My father has given up on Duck Hunting and has not been out the last couple seasons. While his hunting retirement relates to health issues, it occurred without an announcement. I had to piece things together from his rude disinterest and disparaging comments when I discussed going hunting with him.
It has had an impact on our relationship. My father is a selfish cantankerous man with anxiety issues and a penchant for insular views that he rudely pushes. He has greatly influenced the person I am today – through a long list of actions and behaviours of his that I’ve sworn never to mimic. Hunting was the way we stayed connected. I put up with him more than I might naturally be inclined, and he wasn’t quite as abrasive around me. Without hunting I am sure I would have had an estranged relationship with him from my teenage years.
I have been hurt by the change in him – but as I think I might have already mentioned – someone did offer the explanation that he might be grieving over the loss of his hunting. Others suggest his increase hostility and more erratic behaviour might be the beginnings of dementia.
Now, after 35 odd years of almost always hunting with my father, I am having to hunt on my own.

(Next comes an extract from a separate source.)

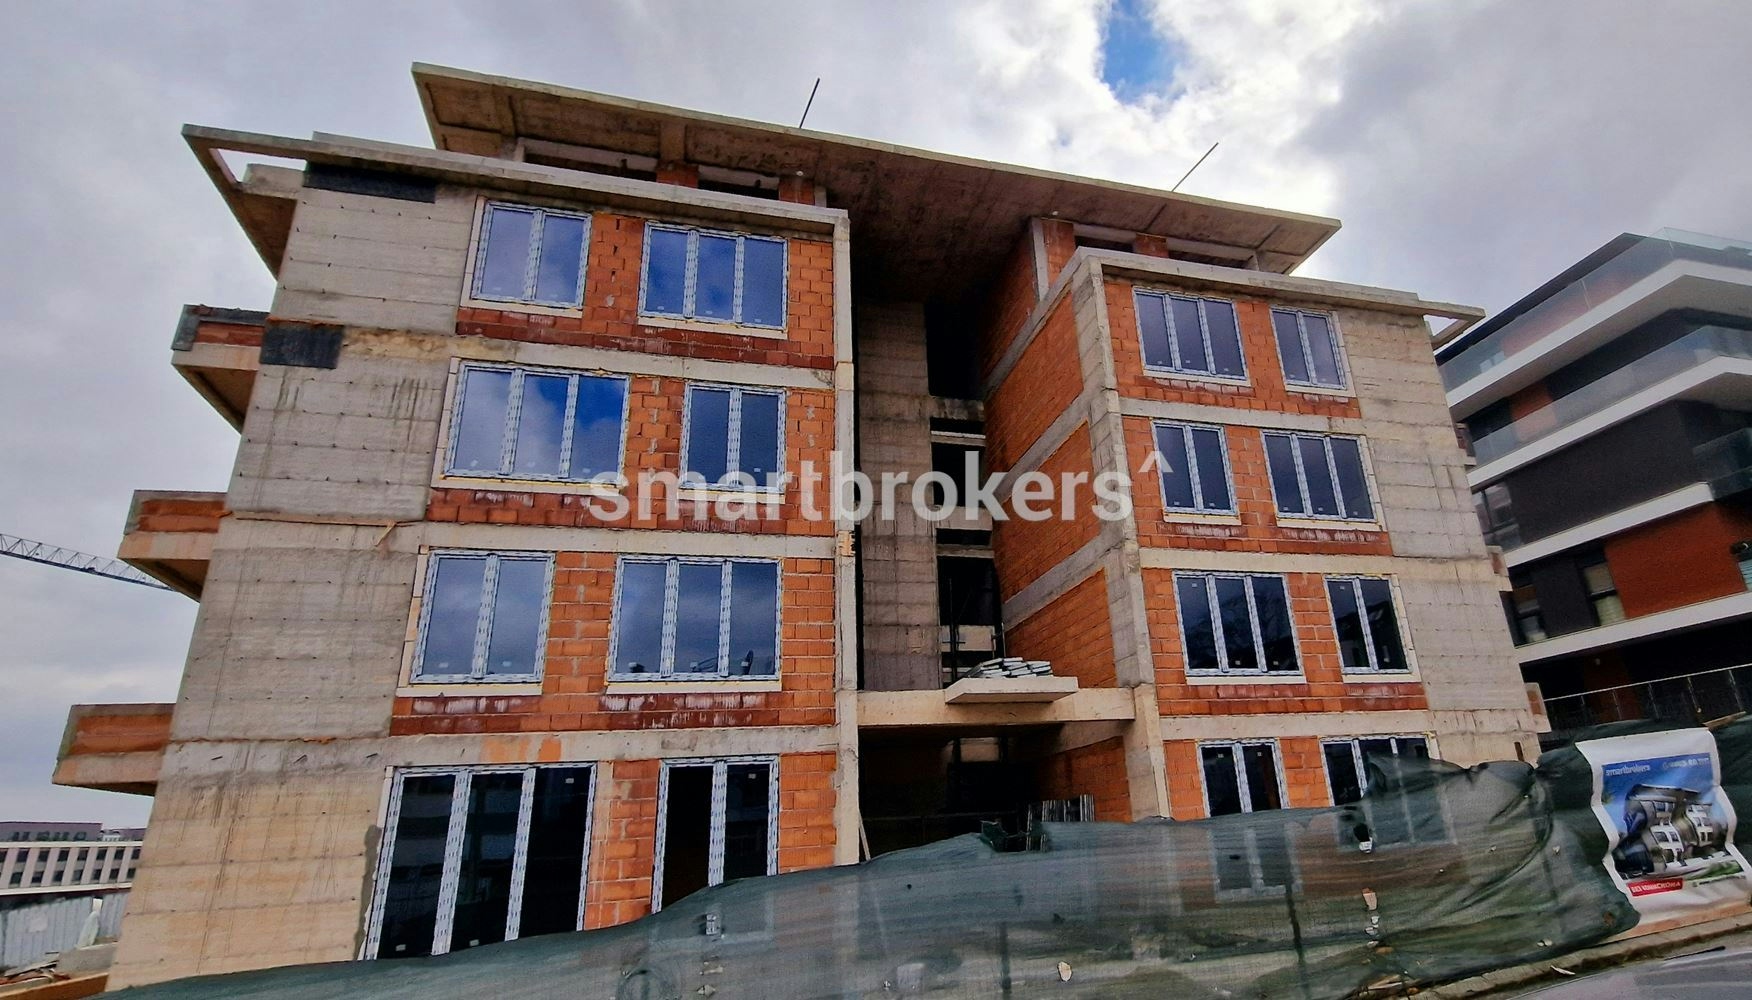 Southern one-bedroom apartment with its own yard in Dragalevtsi district next to Lidl

Hunting on your own is a lot harder. Two people can scout more locations, keep each other motivated, keep each other alert on the long drives, share resources, work together in the field, discuss the decisions that must be made, and see the highs and lows and be part of each other’s stories. Two people is also a lot safer.
Hunting solo you need to be better prepared, more aware of your limitations, keep yourself motivated, and understand those special moments – a brilliant Sunrise, and beautiful double taken over decoys, won’t ever be truly shared.
Yes, there is an obvious EVE analogy in there. I’m clearing out some recent half-finished posts from my blog notes that I figure I won’t ever finish, but there seemed enough of this one to post anyway.